Однако человек – животное трудящееся и трудолюбивое, причем работа его адски продуктивна. Даже если всучить ему жирные ежемесячные дивиденды, чтобы с помощью такого подкупа заставить держаться подальше от рынка рабочей силы, весьма вероятно, что в свободное время он соорудит какую-нибудь штуковину, способную заменить человека и в очередной раз увеличить производительность труда.
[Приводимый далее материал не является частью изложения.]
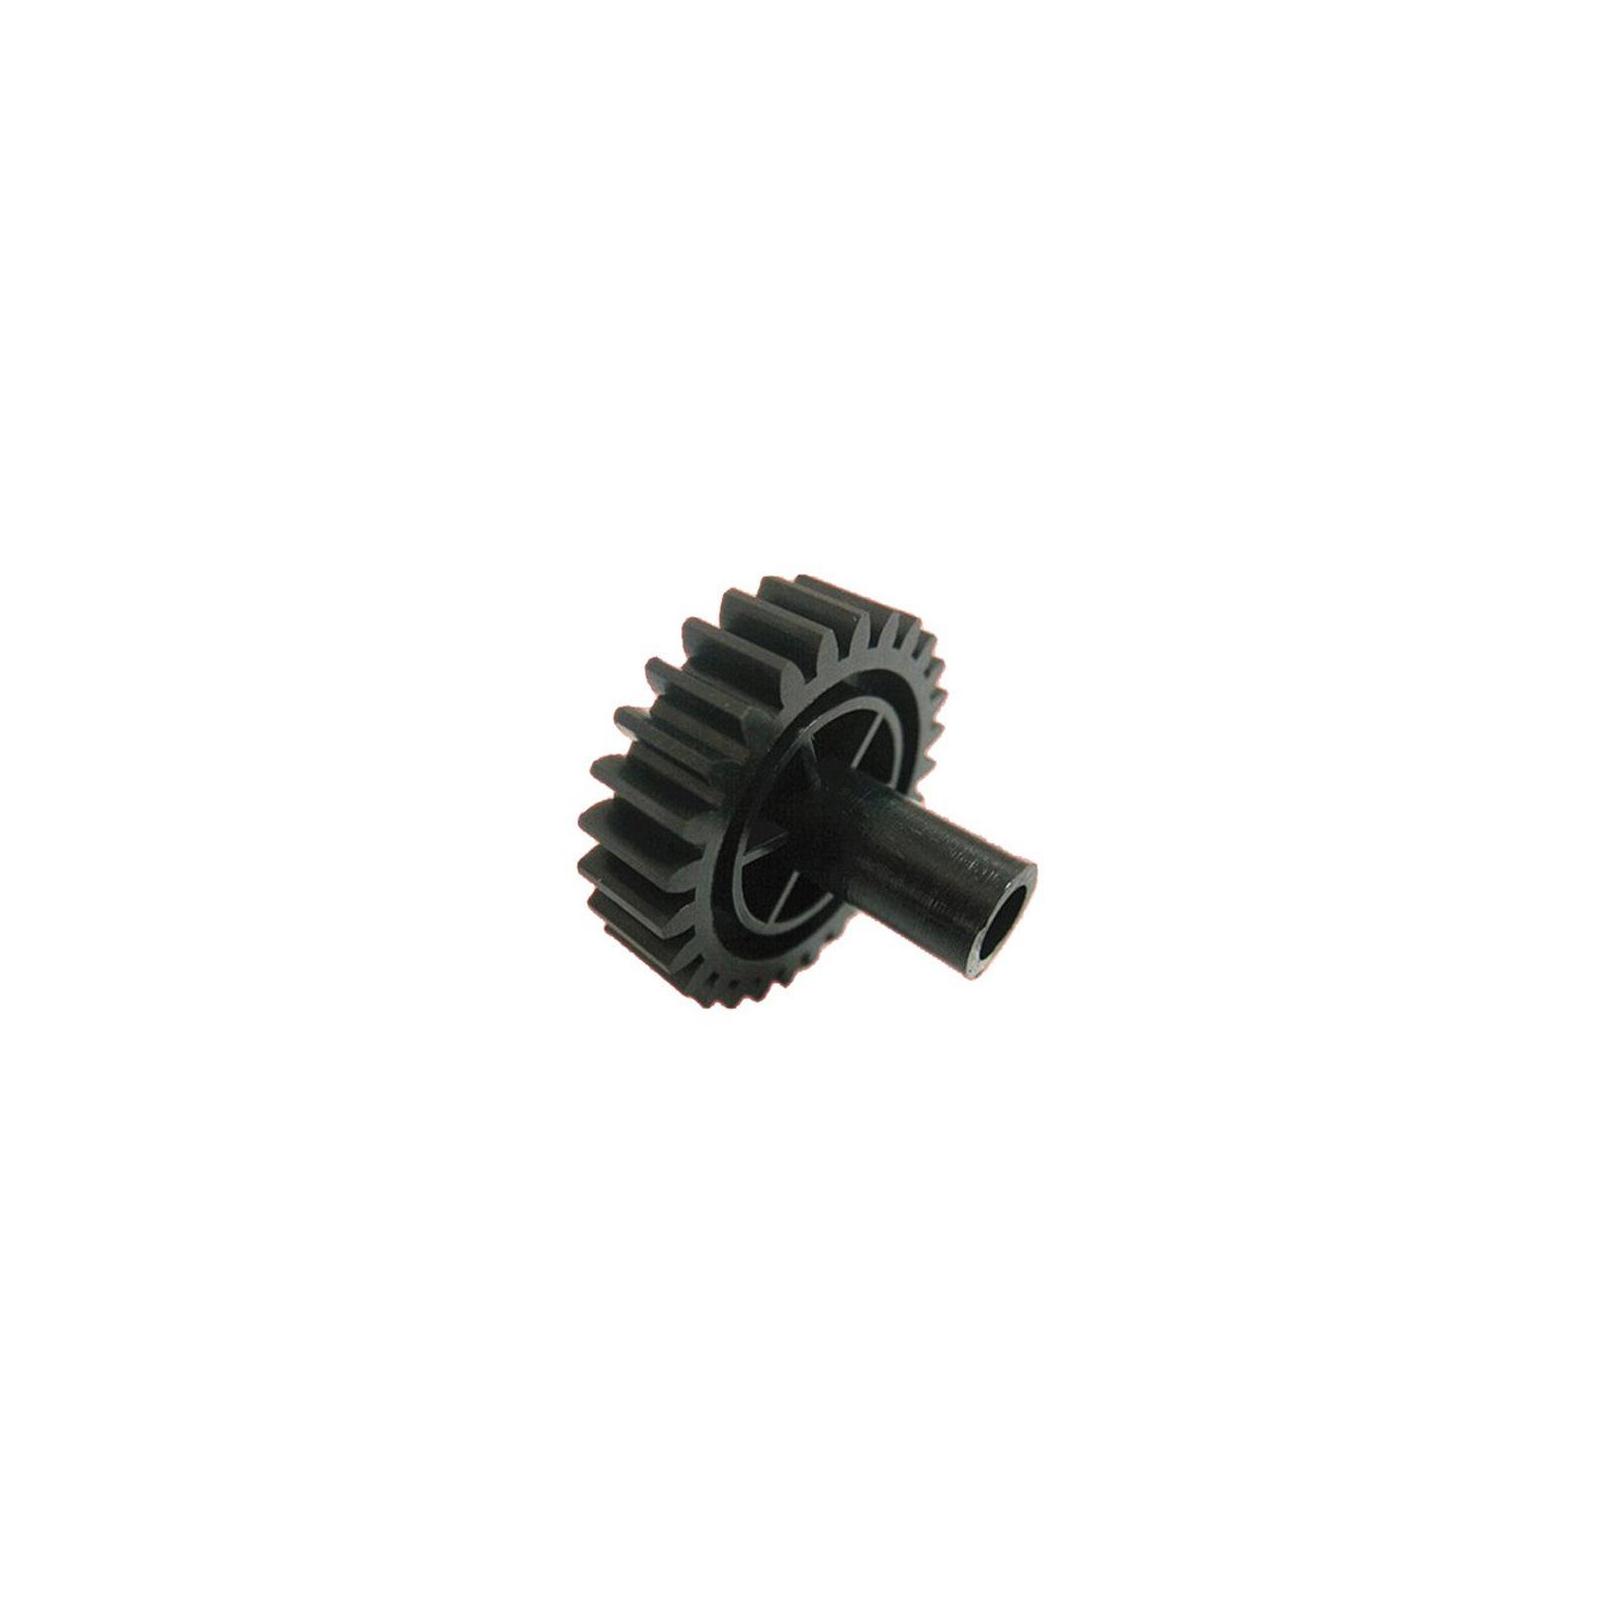 Шестерня узла закрепления HP LJ 4200/4300 аналог RU5-0017-000 27T АНК (23270)

Мало кто обладает достаточно развитым воображением и подходящим темпераментом для того, чтобы проводить жизнь в праздности. Людьми овладевает трудовой зуд. Поэтому плановикам было необходимо все время отыскивать новые и новые пути распределения покупательной способности через заработную плату таким образом, чтобы оплаченный труд не увеличивал потока потребительских товаров. И даже непроизводительным общественным работам поставлен если не теоретический, то практический предел. Разумеется, один из самых очевидных путей расходования средств – субсидирование научных исследований, однако это лишь отдаляет кризис, поскольку все эти изыскания, какими бы отвлеченными и бесполезными они ни казались, обладают досадной привычкой рано или поздно многократно окупаться, вновь резко увеличивая производительные силы общества.
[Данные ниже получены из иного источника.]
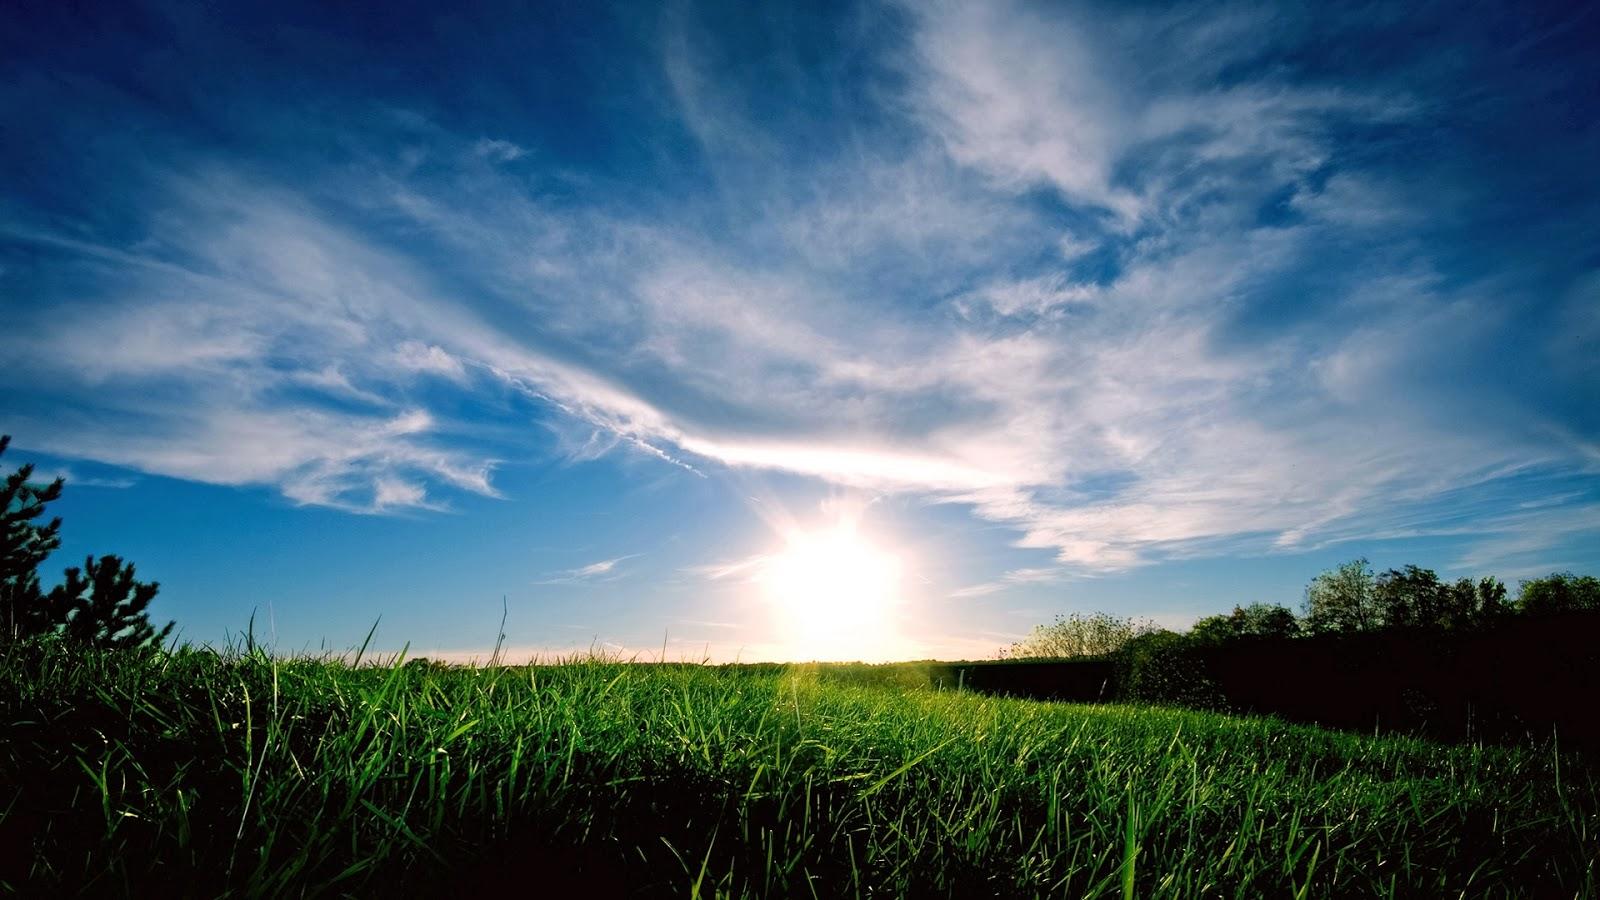 Achtergrond met Opkomende zon in landschap met gras

– …избыток, – продолжал тем временем Торгсен. – Решено уже, как его распределять?

– Насколько мне известно, не до конца, – ответил Монро-Альфа. – Видите ли, я ведь только вычислитель, а не Планировщик…

– Да, я знаю. Но вы к ним гораздо ближе меня. А мне хотелось бы, чтобы Совет экономической политики субсидировал небольшой проект, который у меня на уме. Если вы готовы меня выслушать, я расскажу о нем поподробнее – и, надеюсь, заручусь вашей поддержкой.
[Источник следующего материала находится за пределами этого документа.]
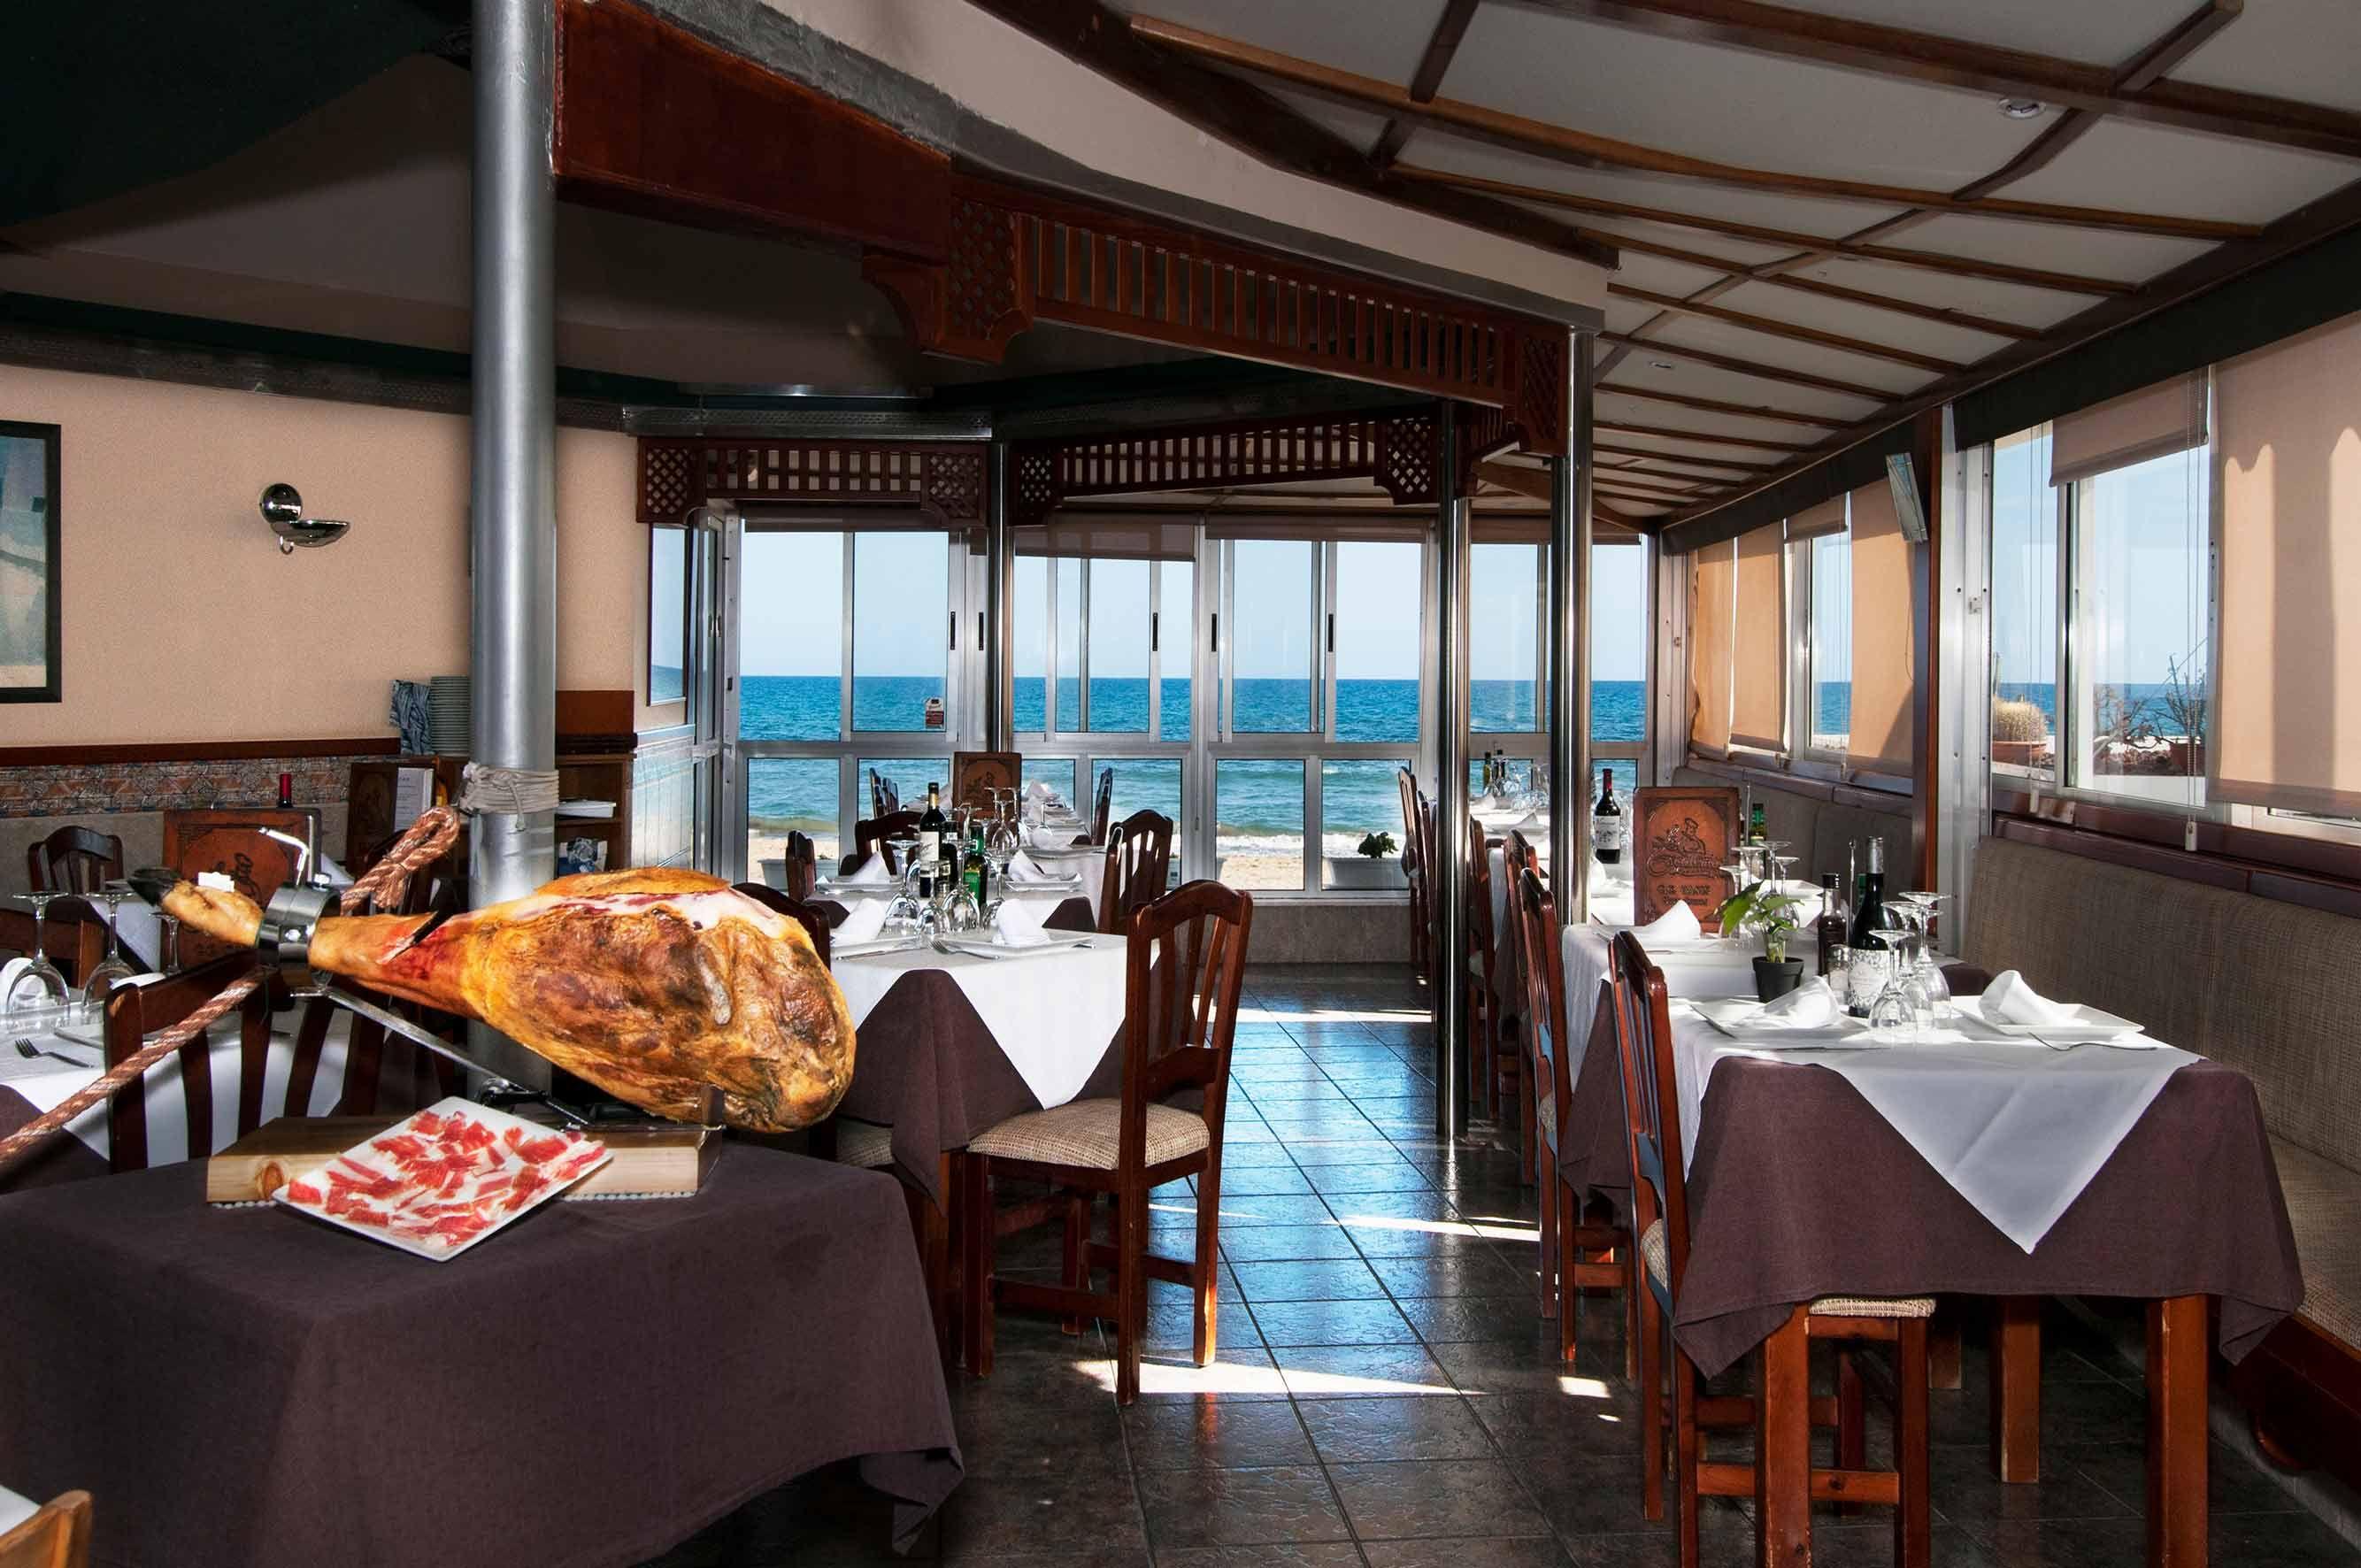 Foto 6 de Cocina internacional en Maspalomas | Restaurante Escaleritas

– А почему бы вам не обратиться непосредственно в Совет? – поинтересовался Монро-Альфа. – При решении подобных вопросов у меня нет права голоса.

– Пусть так. Зато вы знаете в Совете все ходы и выходы, а я нет. К тому же я полагаю, вы сможете по достоинству оценить красоту проекта, хотя он, к сожалению, довольно дорог и совершенно бесполезен.

– Это как раз не помеха.

– Да? А я думал, что всякий проект должен быть полезен…

– Отнюдь нет. Он должен быть осмысленным и в конечном счете служить благу всего населения. Но в экономическом плане ему совершенно не обязательно быть целесообразным.

– Хм-м… Боюсь, мой проект трудно будет счесть «идущим на благо»…

– И это не обязательно послужит препятствием. «Благо» – понятие растяжимое. Но в чем суть проекта?

Прежде чем ответить, Торгсен какое-то мгновение колебался.

– Вы видели баллистический планетарий в Буэнос-Айресе?

– Нет, хотя, конечно, знаю о нем.

– Он великолепен! Подумайте только – машина, способная вычислить положение любого тела в Солнечной системе на любой момент прошлого, настоящего или будущего – и выдать результат с точностью до седьмого знака.

– Действительно, прекрасно, – согласился МонроАльфа, – хотя, в сущности, это элементарная задача.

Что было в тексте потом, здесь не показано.